Let me start from the middle.
It was in San Francisco in July this year that I experienced life profoundly during a visit to the Minnesota Street Project, housed in three warehouses in Dogpatch district. The warehouses themselves, while they looked newly refurbished, still “betrayed” an air of abandonment from their previous lives. There was something deeply attractive and not-so. Something coming into being, evident potential on top of the former layers. In short, something artistic.
Many exhibitions I loved, but the one that struck me the most was Kerry Mansfield “Expired Books” project. In my mind, I wondered what it could possibly mean for a book to expire. Was it like stepping out of time or running out of time? Knowing that books essentially contain memories and stories that could as well be timeless, it seemed unfair that some libraries would consider certain books expired. In a flash, I thought of my father whose heart had stopped beating in May last year. After burial, I kept his watch and its timely ticking comforted and annoyed me at the same time. How could it go on ticking when the wearer wasn’t? Eventually, it stopped, as though it had become aware that its life was closely tied to my father’s. It did not disappear though. It did not dissolve. It remained on my table and has continued to be. I leafed through a few expired books and realized that just like the watch, just like my father, just like pretty much everything else, they would continue to exist, if only in a different form than we’re used to.
Fear of dissolving is only one aspect of perception.
Kerry Mansfield shares her inspiration for expired books: “As an artist, I’ve always been fascinated by how cultural objects are used and thrown away with ease. While studying architecture in school, I learned the Japanese term “wabi-sabi”—the art of finding beauty in imperfection and acceptance of the natural cycle of growth, decay and death. Unlike the American cultural focus on spectacle, wabi-sabi is underplayed and modest, the kind of undeclared beauty that waits patiently to be discovered. For me, it’s found in the time-worn jackets of expired library books that have traveled through many hands and across county lines until they have reached their final resting place: warehouses where safe harbor can be found in Costco-sized rows of “discards” and “withdrawns” that rise within inches of the ceiling.” Kerry’s mission is to seek out expired books and document them in new media form. Her aim is to appreciate and celebrate not only the longevity and love she has for these books, but also the shared history of the readers, who across time and generations have written their names on the check-out cards that are normally stuck at the front or back of the books.

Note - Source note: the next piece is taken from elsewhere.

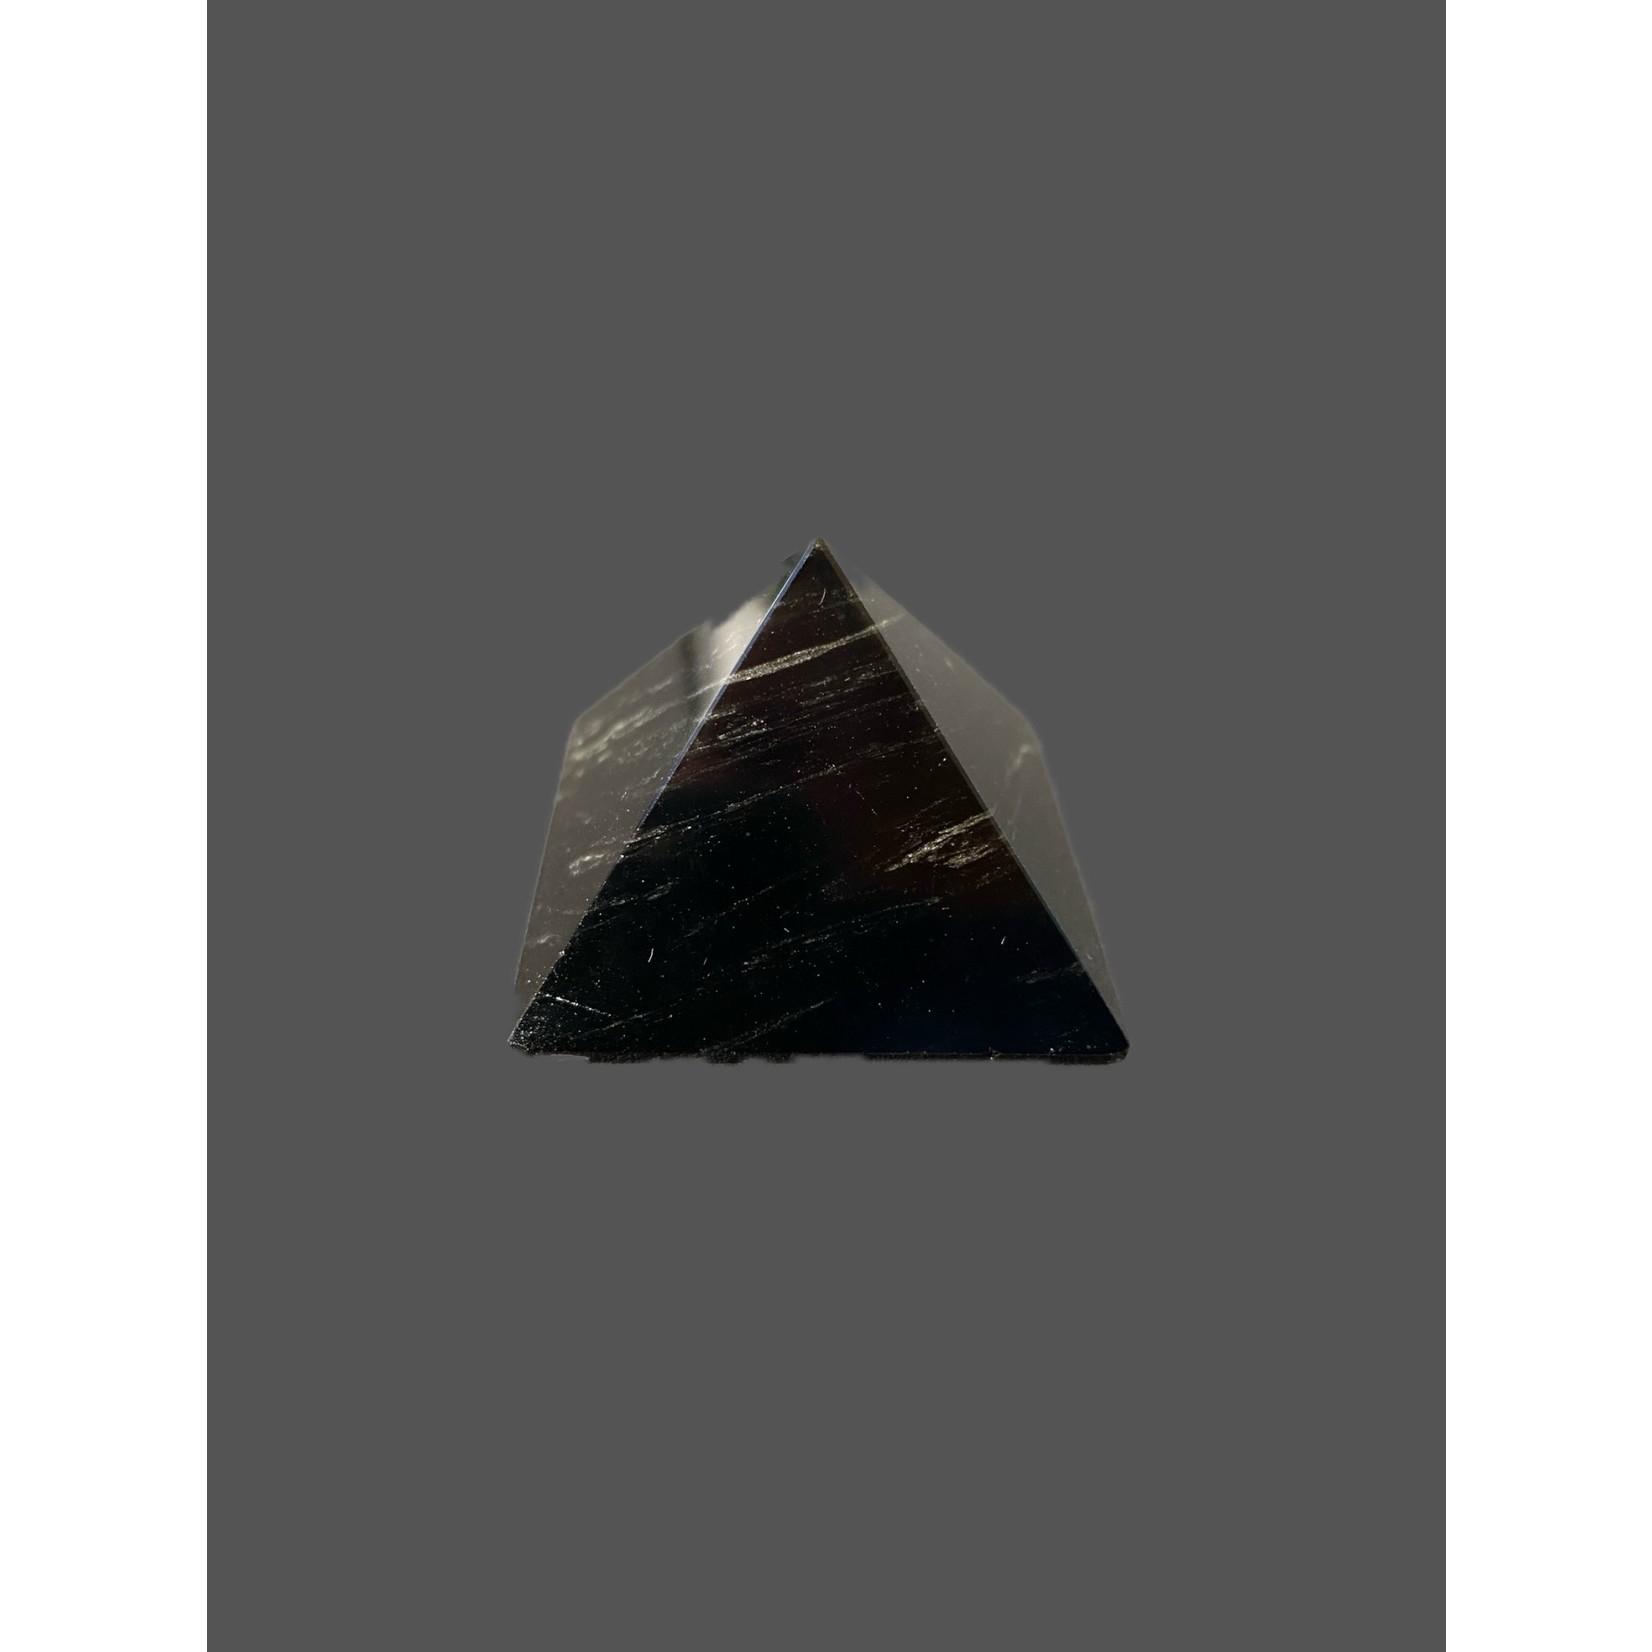 Pirámide de Obsidiana 4x4cm
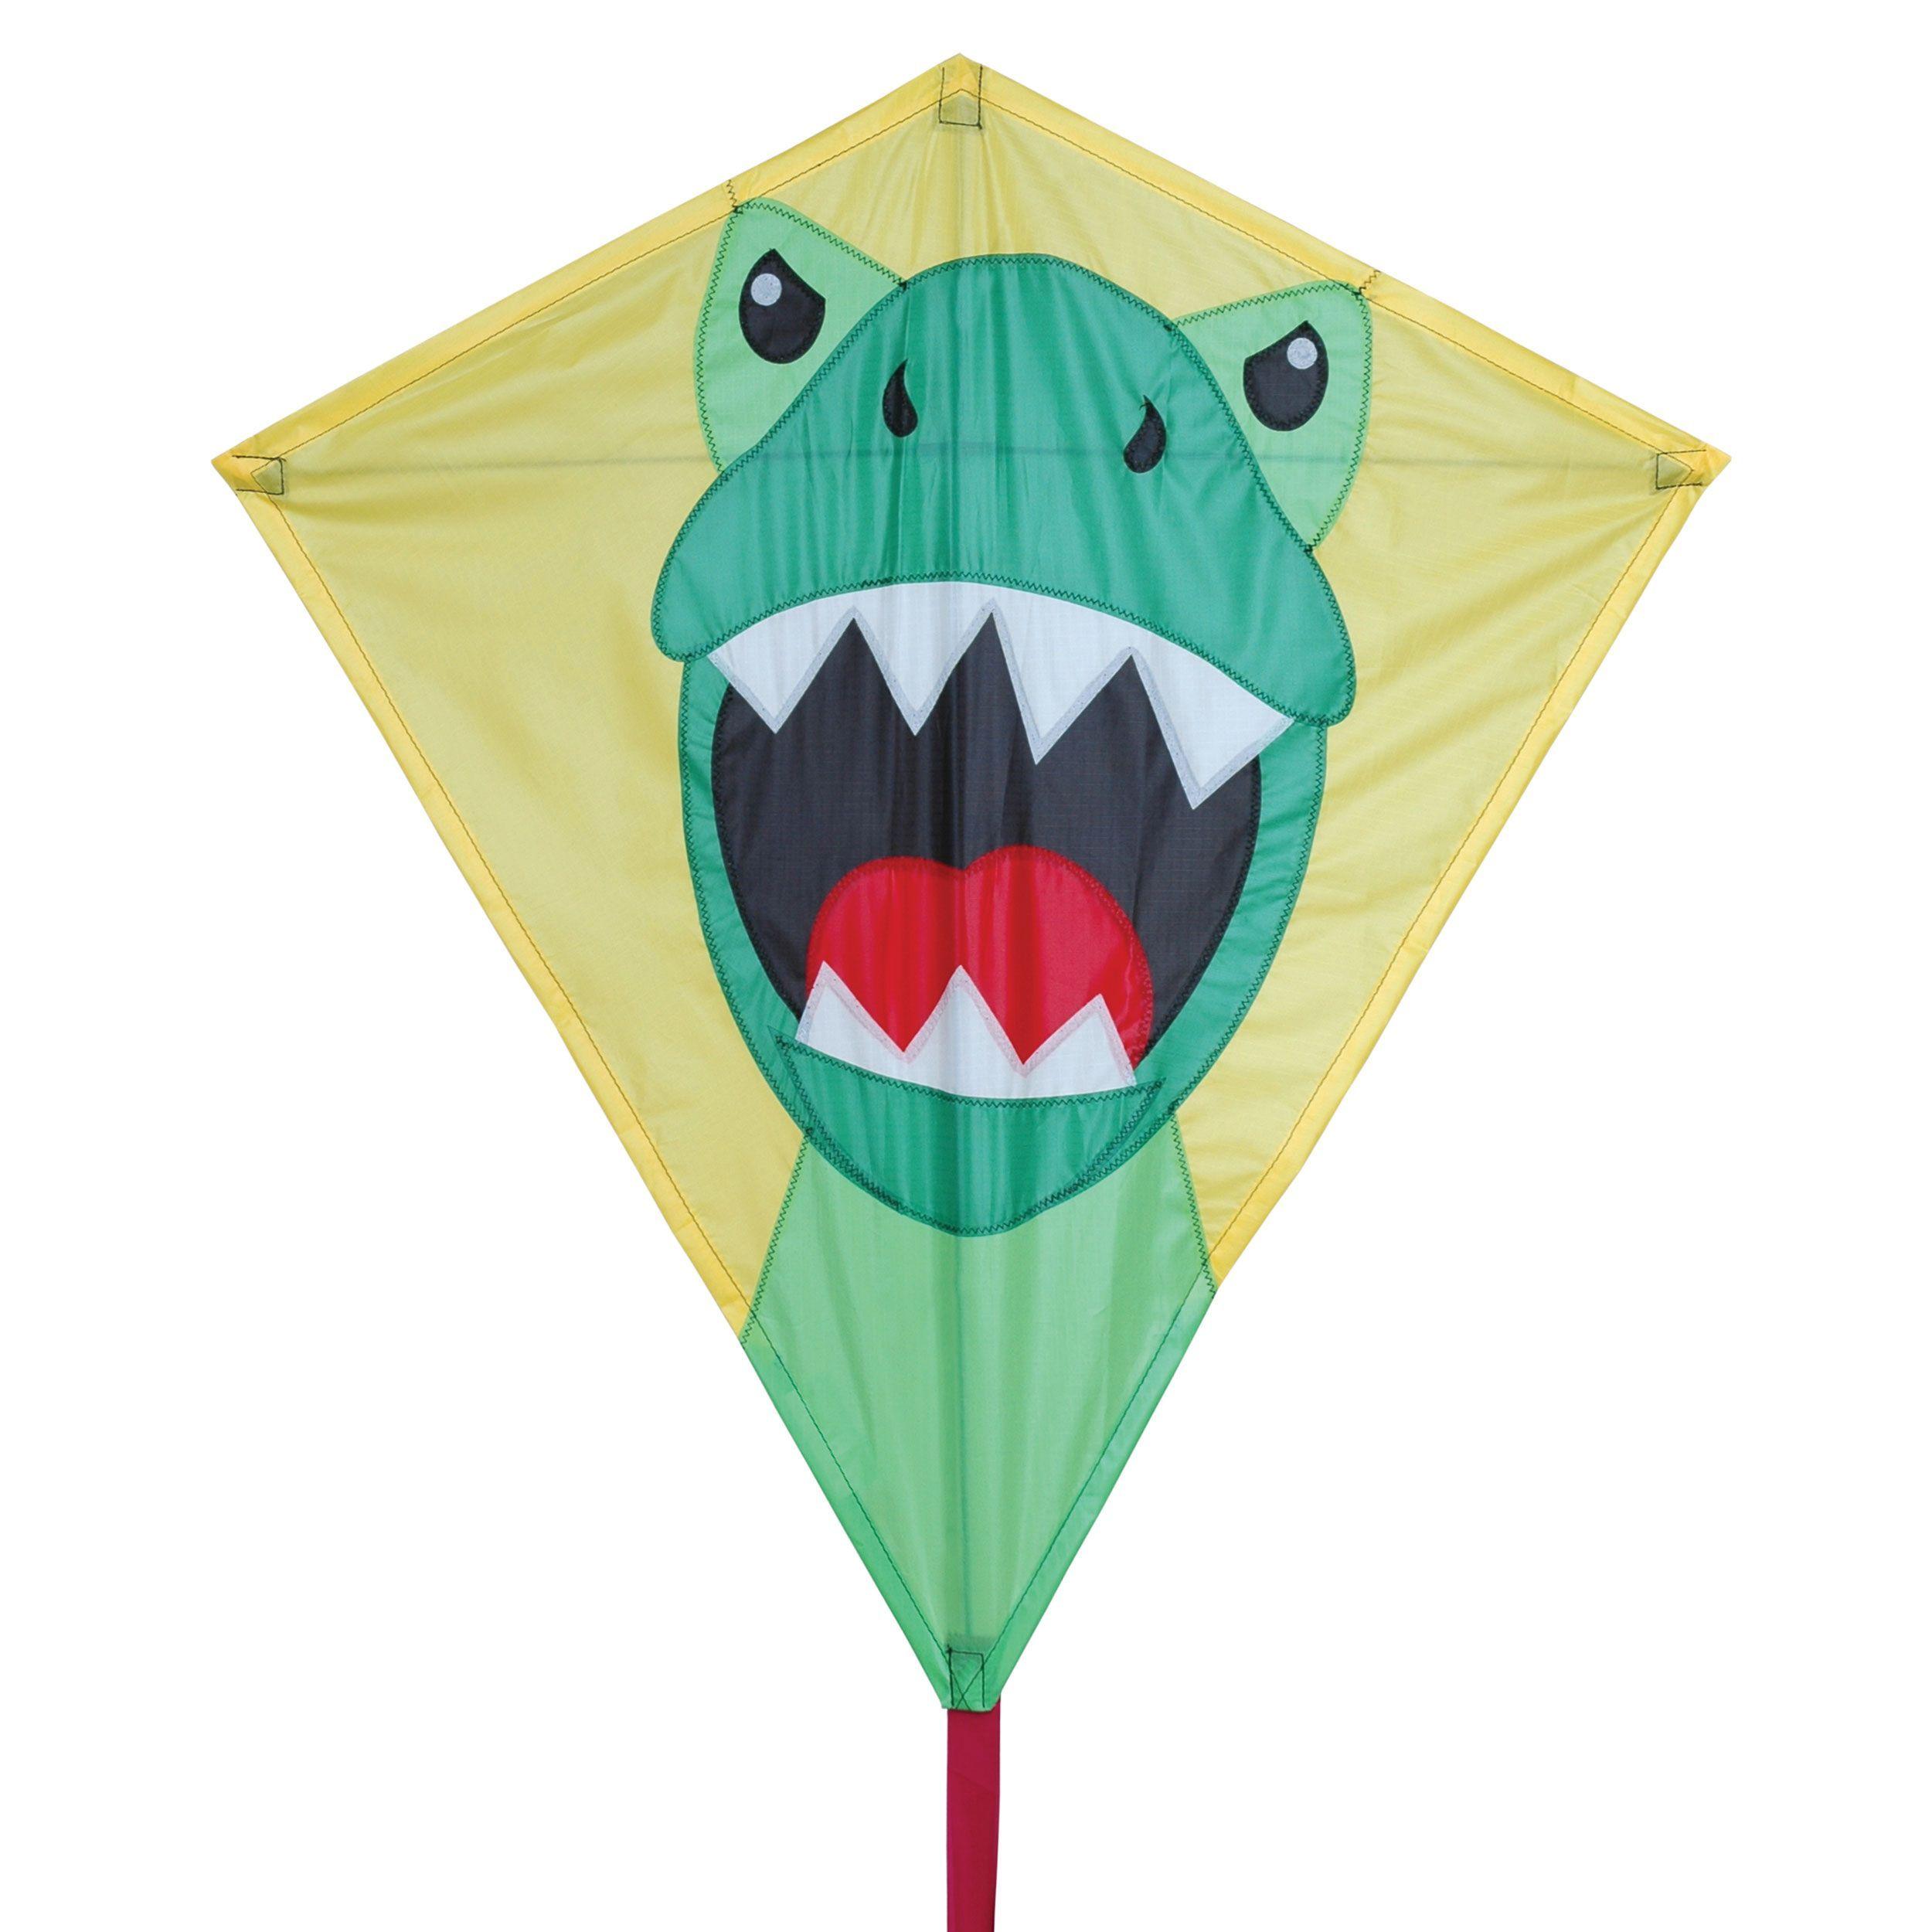 Premier Dino 30-inch Diamond Kite

Normally, when I borrow library books, I’m often delighted to find between the pages an invitation card to a wedding that took place nineteen years ago, a shopping list, accounts expenditure summary, and so on. I’ll spend some minutes thinking about the couple, where they might be, and sometimes I’ll visualize the wedding. I’ll add up the accounts and imagine what the total could have meant for the person generating the list. Then I’ll get back to the page and read the ongoing story, without ignoring the fact that all the stories that have spilled out of the book and entered it from my musings give me a sense of personal and communal sharing. Endless possibilities.
Which leads me to say that expired, dead, deceased, endings, are only words. No wonder the Ancient Egyptians called such “The Afterlife,” not non-life or non-being. The afterlife, of course, is larger than the life we currently know. Beyond what we know is more life re-happening all over again. If we can comprehend that, in spite of our often narrow and limited viewpoints of our physical reality, we would transcend and embrace the new forms.
I am embracing a snowy day as I write this blog. Usually, my arms go easy around sunshine. But given the peace and deep comfort of this moment, a pot of tea on my table, a pile of students’ papers I’ve been grading, I am enjoying feeling anchored. I am right where I need to be, this moment in time. Everything feels perfect, like there’s no end, like a good end. Sylvia Plath’s quote on my bookmark makes perfect sense: We stayed at home to write, to consolidate our outstretched selves. I’ll add, to gather our thoughts, our memories, our stories, our bones.
I feel a sense of completion and evolution after reading my students’ fiction writing workshop portfolios. I’m amazed at the worlds they’ve created and their trust that I can attend to their work, if not with understanding, then appreciation. Their efforts and beautiful creations compound to make this day, the clarity of this moment, special. I think of my loved ones near and far and feel blessed to know them. To gather them in this moment and feel no separation. At some point, perhaps, I’ll step out of this moment and everything will be changed. But for now, savor, savor, savor.